Task statement = Reproduce each record verbatim, images excluded.

'''

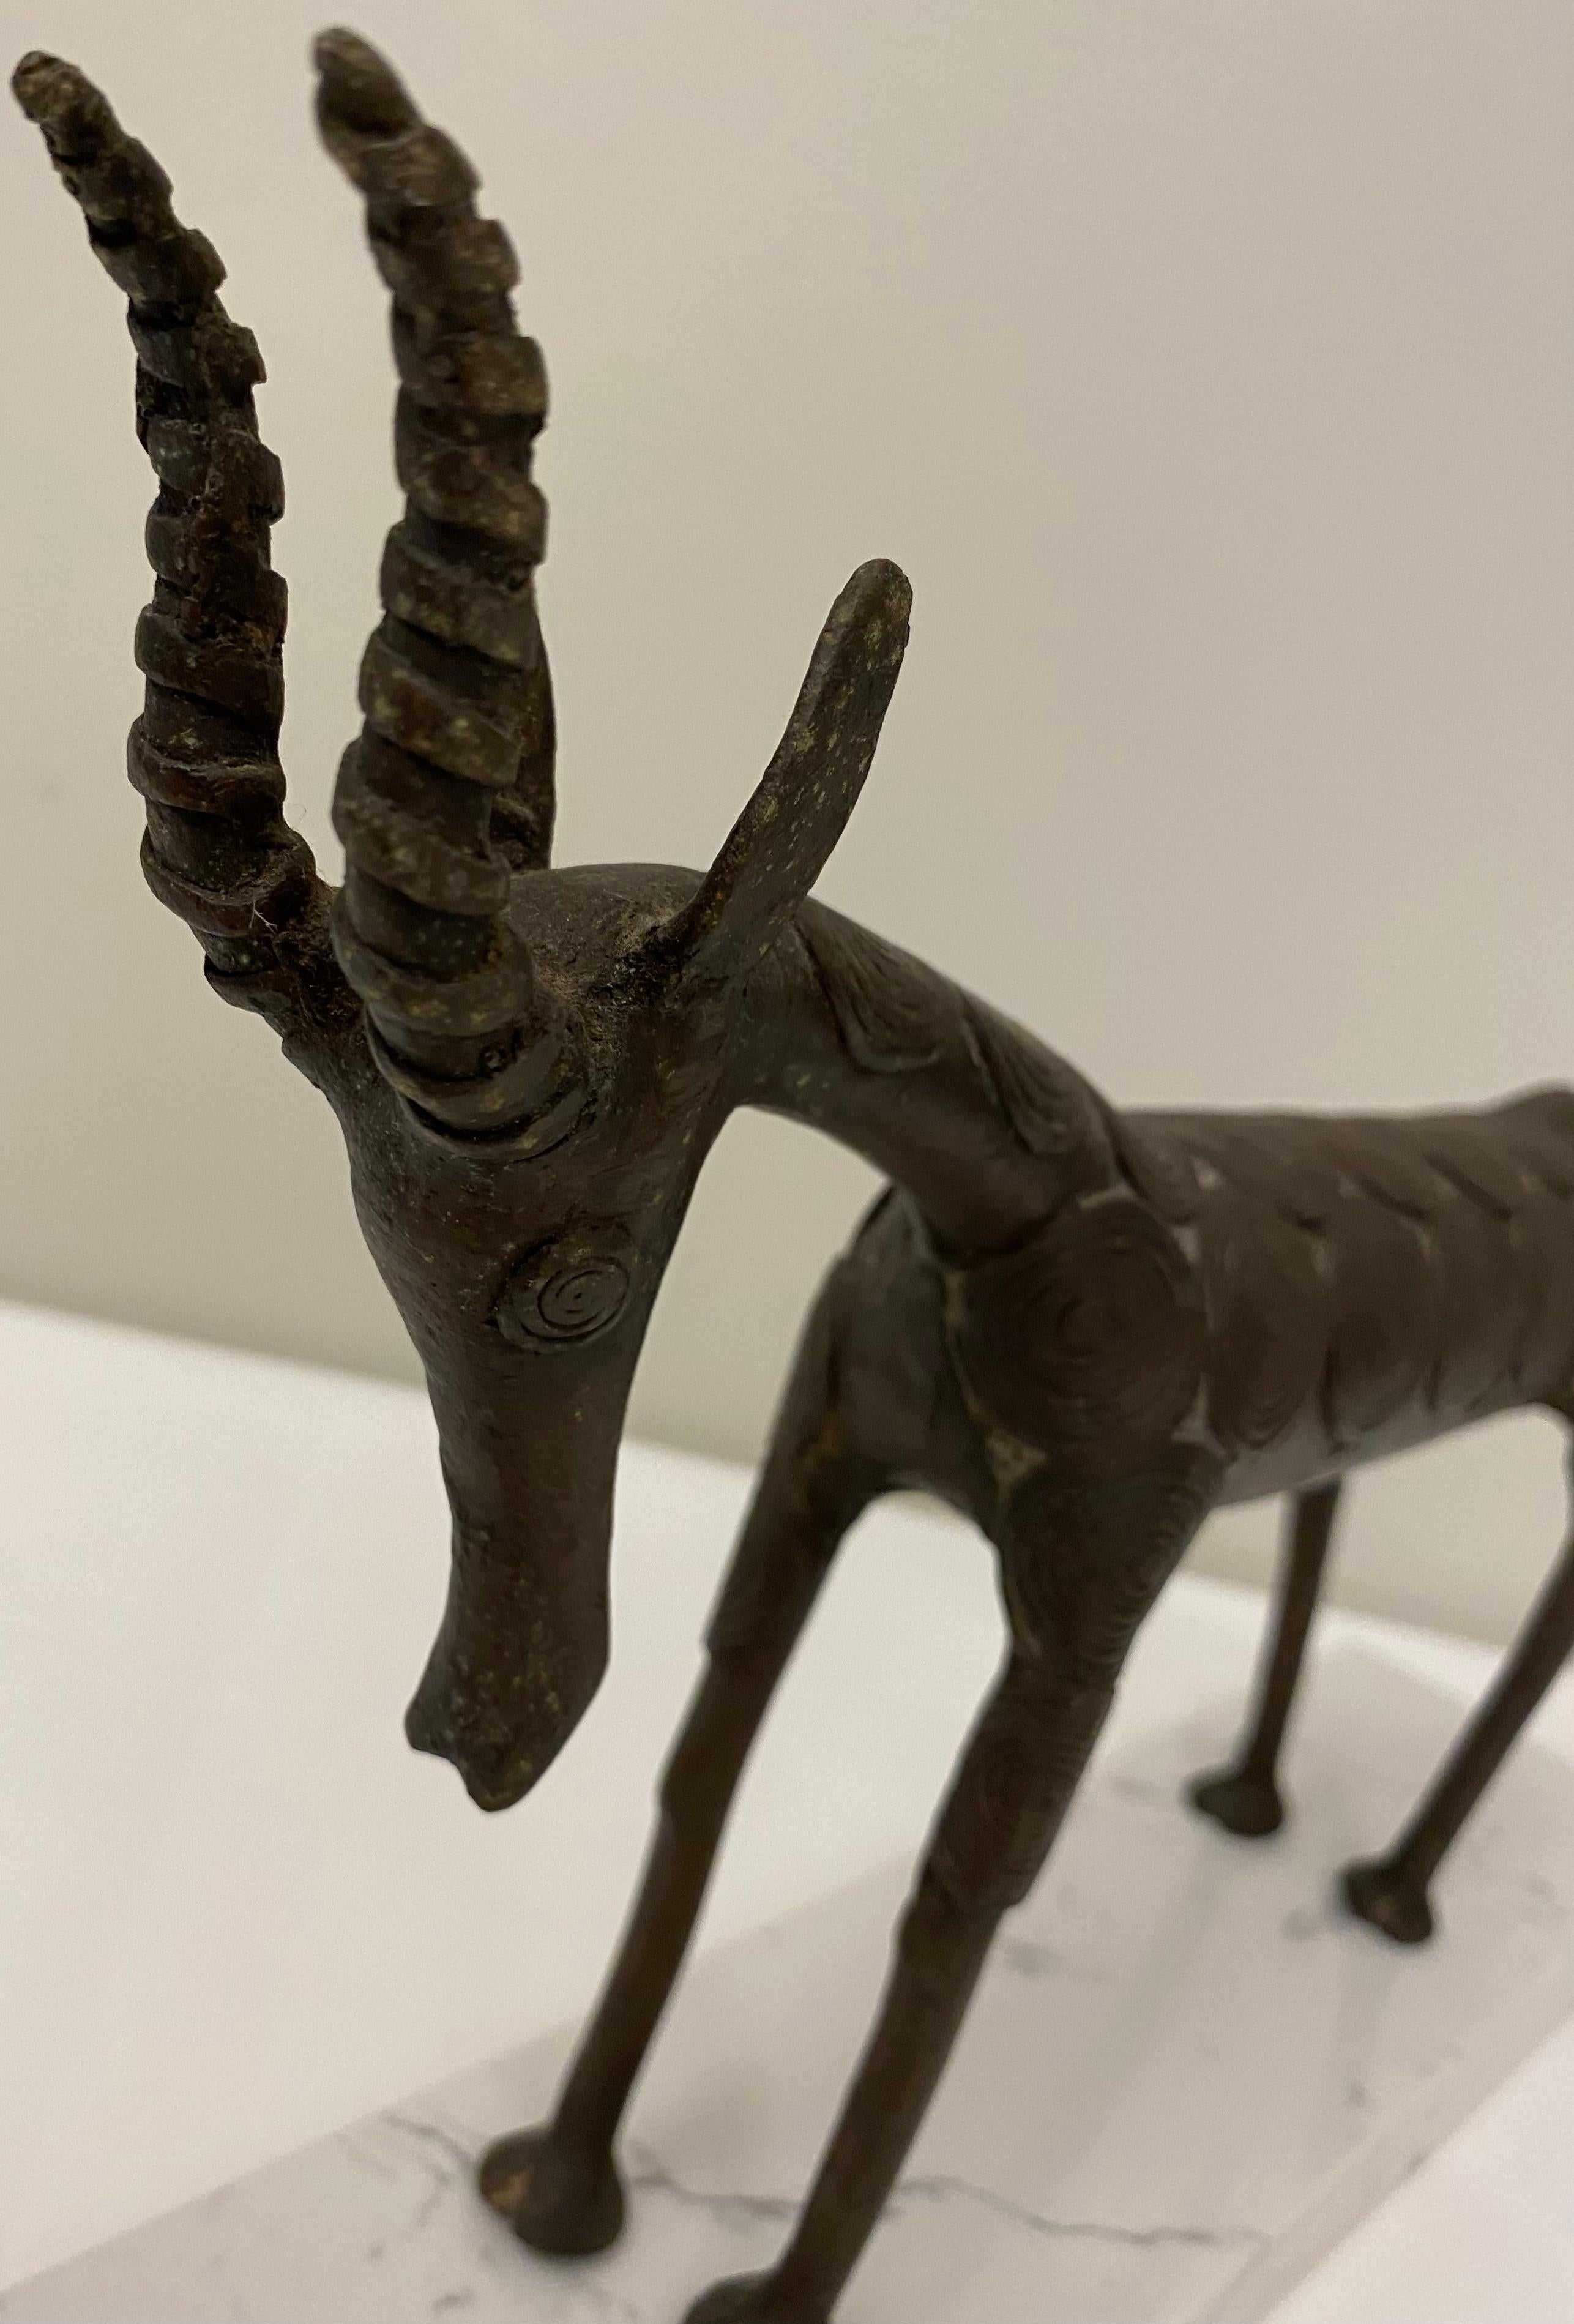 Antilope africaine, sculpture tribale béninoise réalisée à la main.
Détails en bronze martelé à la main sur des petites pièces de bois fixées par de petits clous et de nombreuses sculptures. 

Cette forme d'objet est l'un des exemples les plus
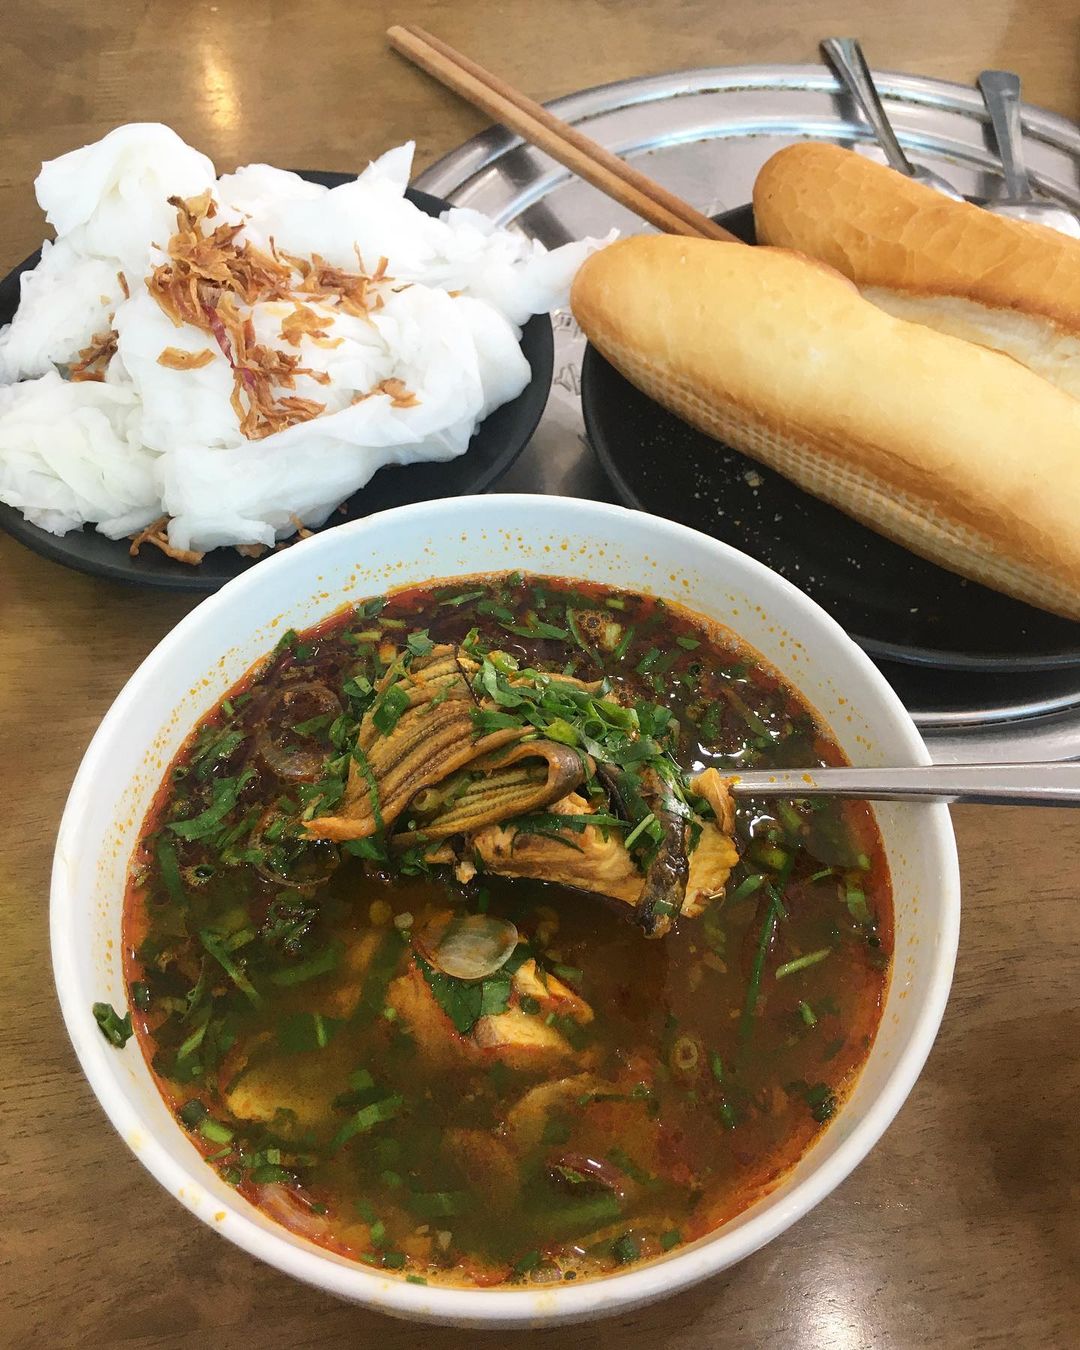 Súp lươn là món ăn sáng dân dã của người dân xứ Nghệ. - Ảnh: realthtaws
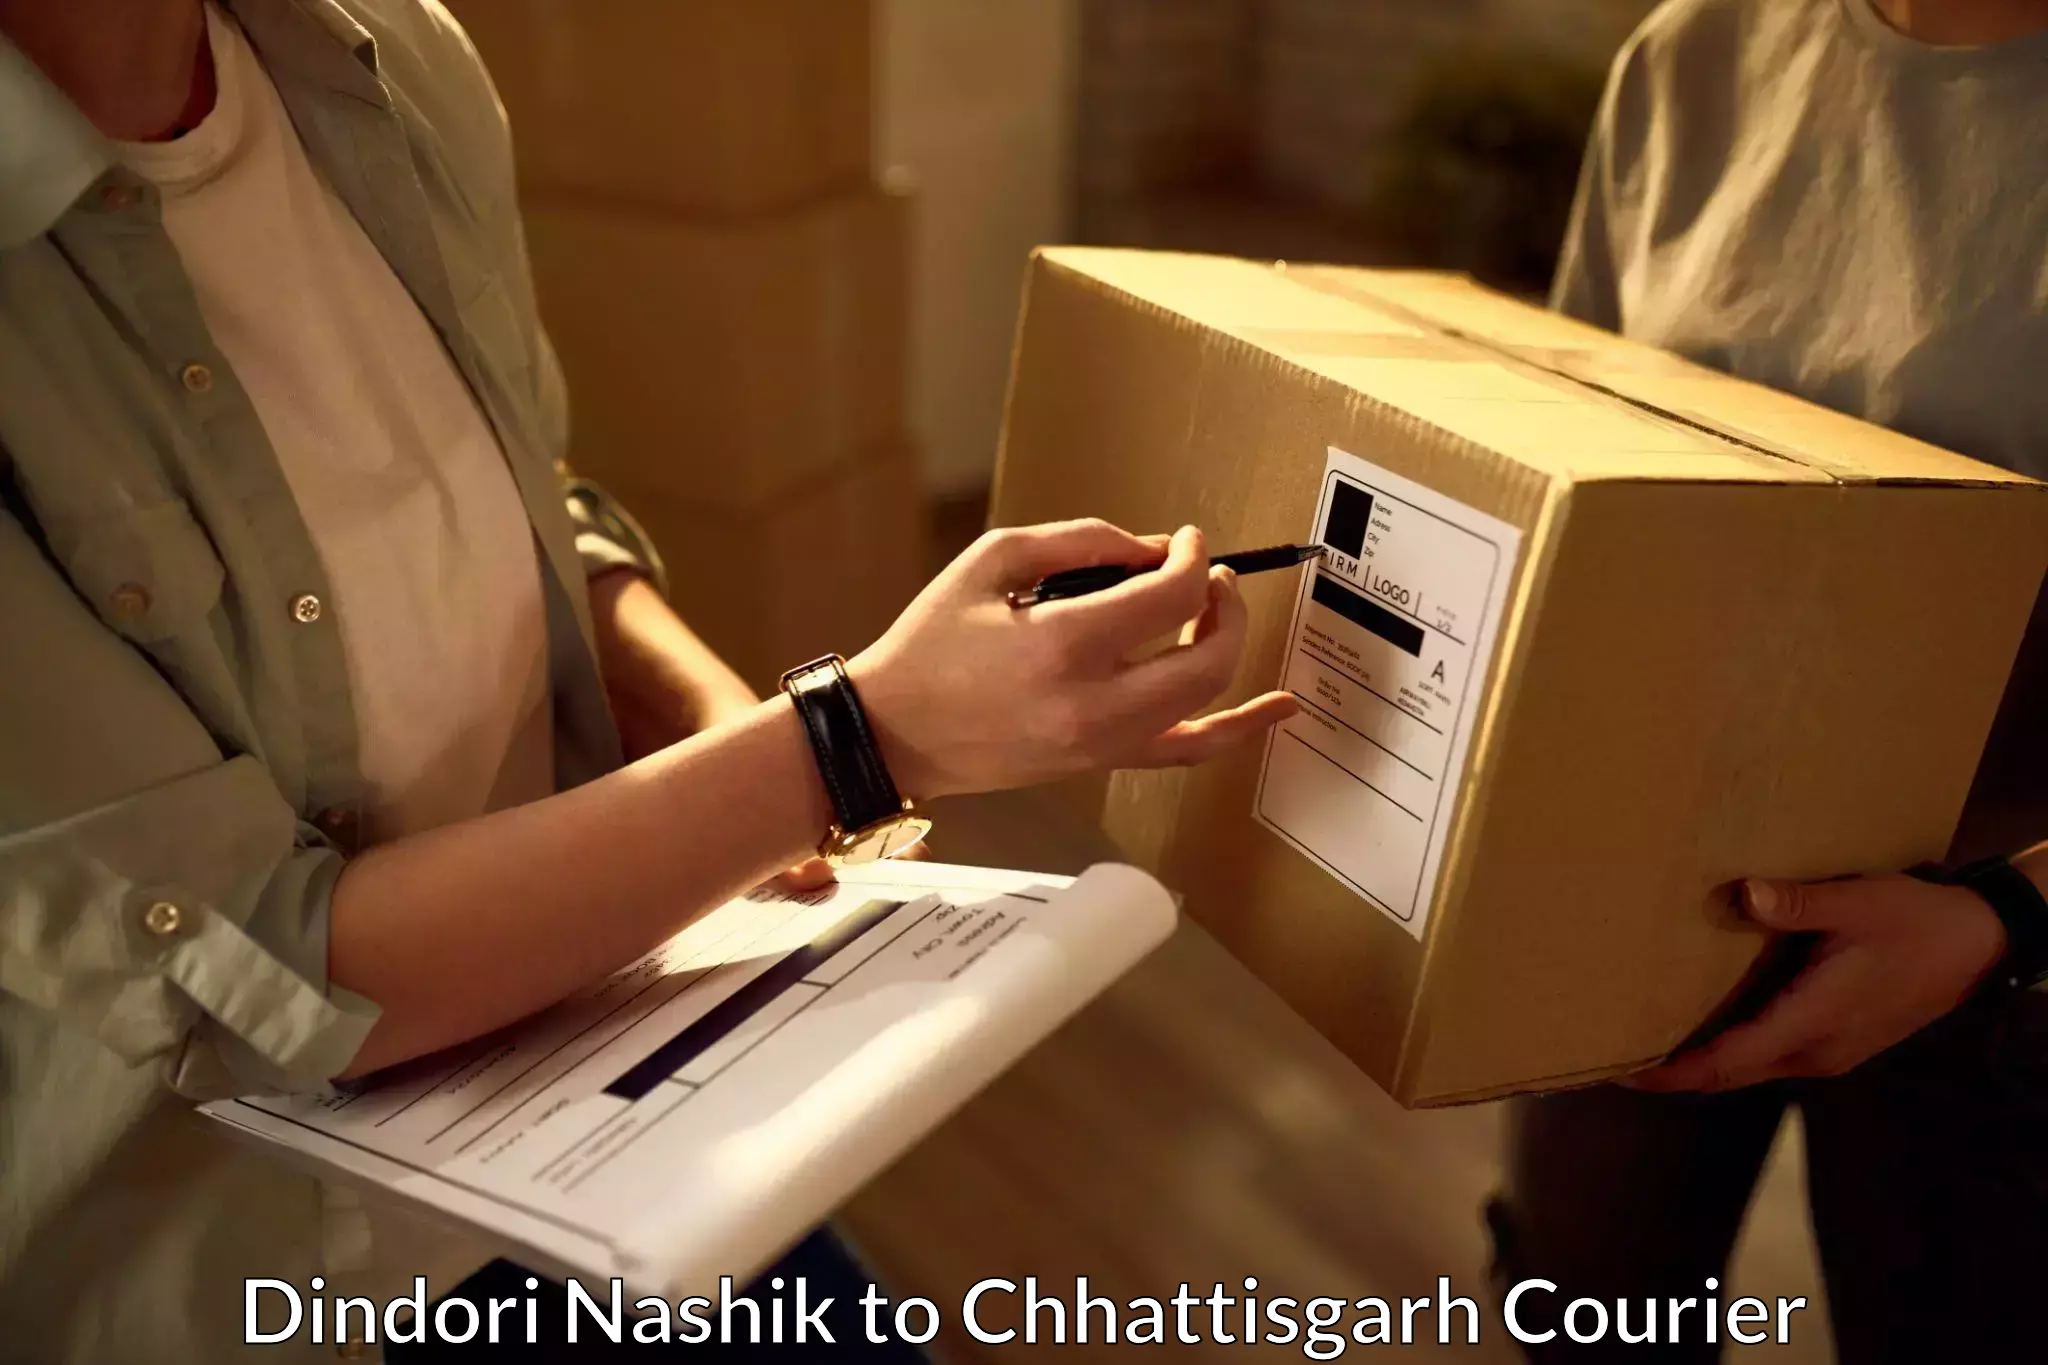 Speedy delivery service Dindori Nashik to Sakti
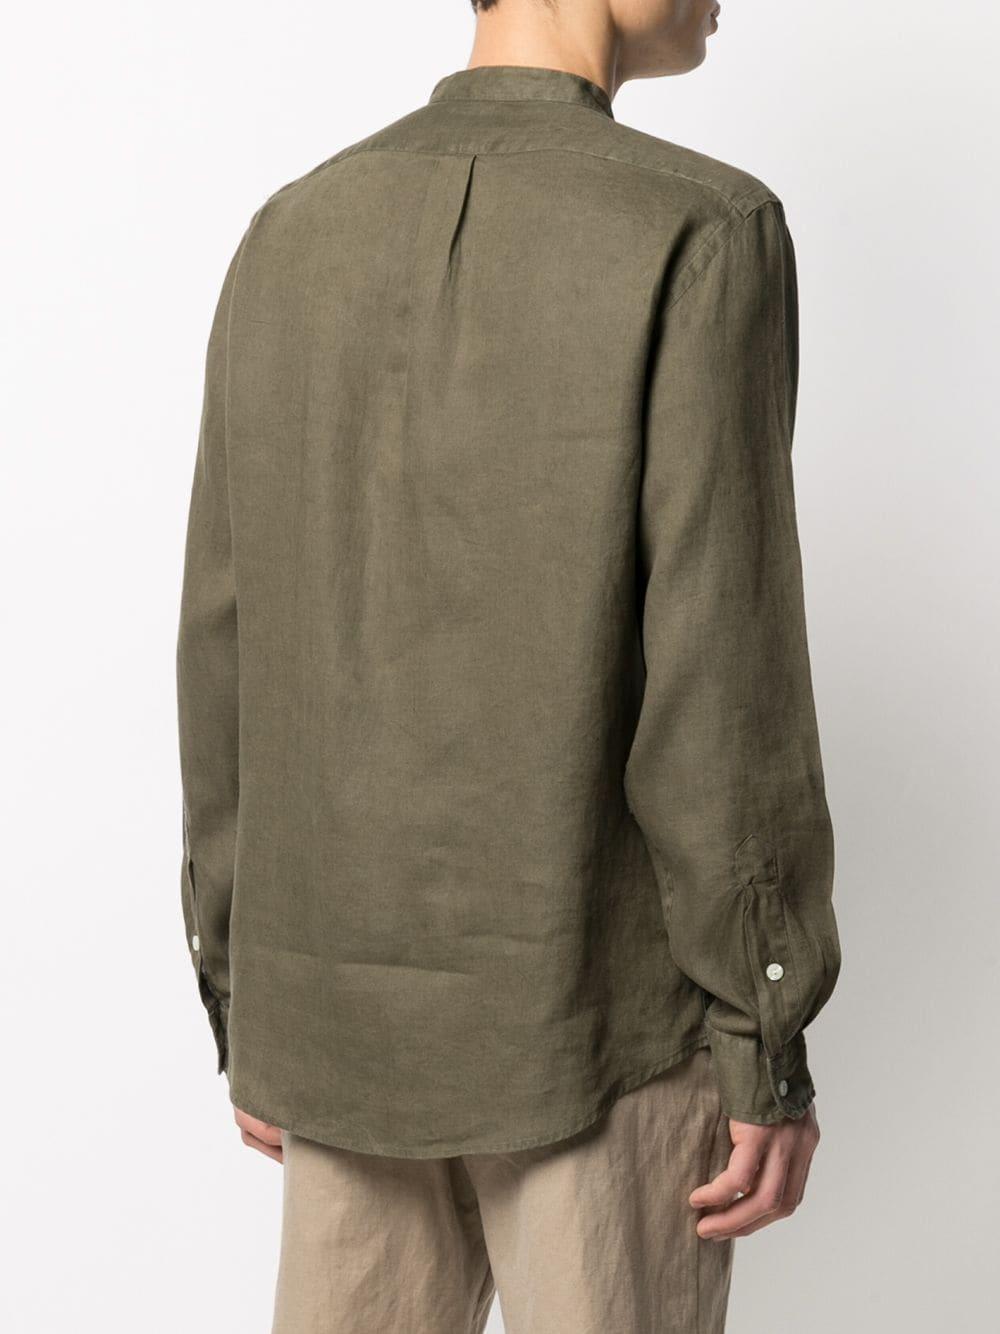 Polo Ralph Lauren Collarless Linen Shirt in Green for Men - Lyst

'''

Task solution =
 Antilope africaine, sculpture tribale béninoise réalisée à la main.
Détails en bronze martelé à la main sur des petites pièces de bois fixées par de petits clous et de nombreuses sculptures. 

Cette forme d'objet est l'un des exemples les plus
 Súp lươn là món ăn sáng dân dã của người dân xứ Nghệ. - Ảnh: realthtaws
 Speedy delivery service Dindori Nashik to Sakti
 Polo Ralph Lauren Collarless Linen Shirt in Green for Men - Lyst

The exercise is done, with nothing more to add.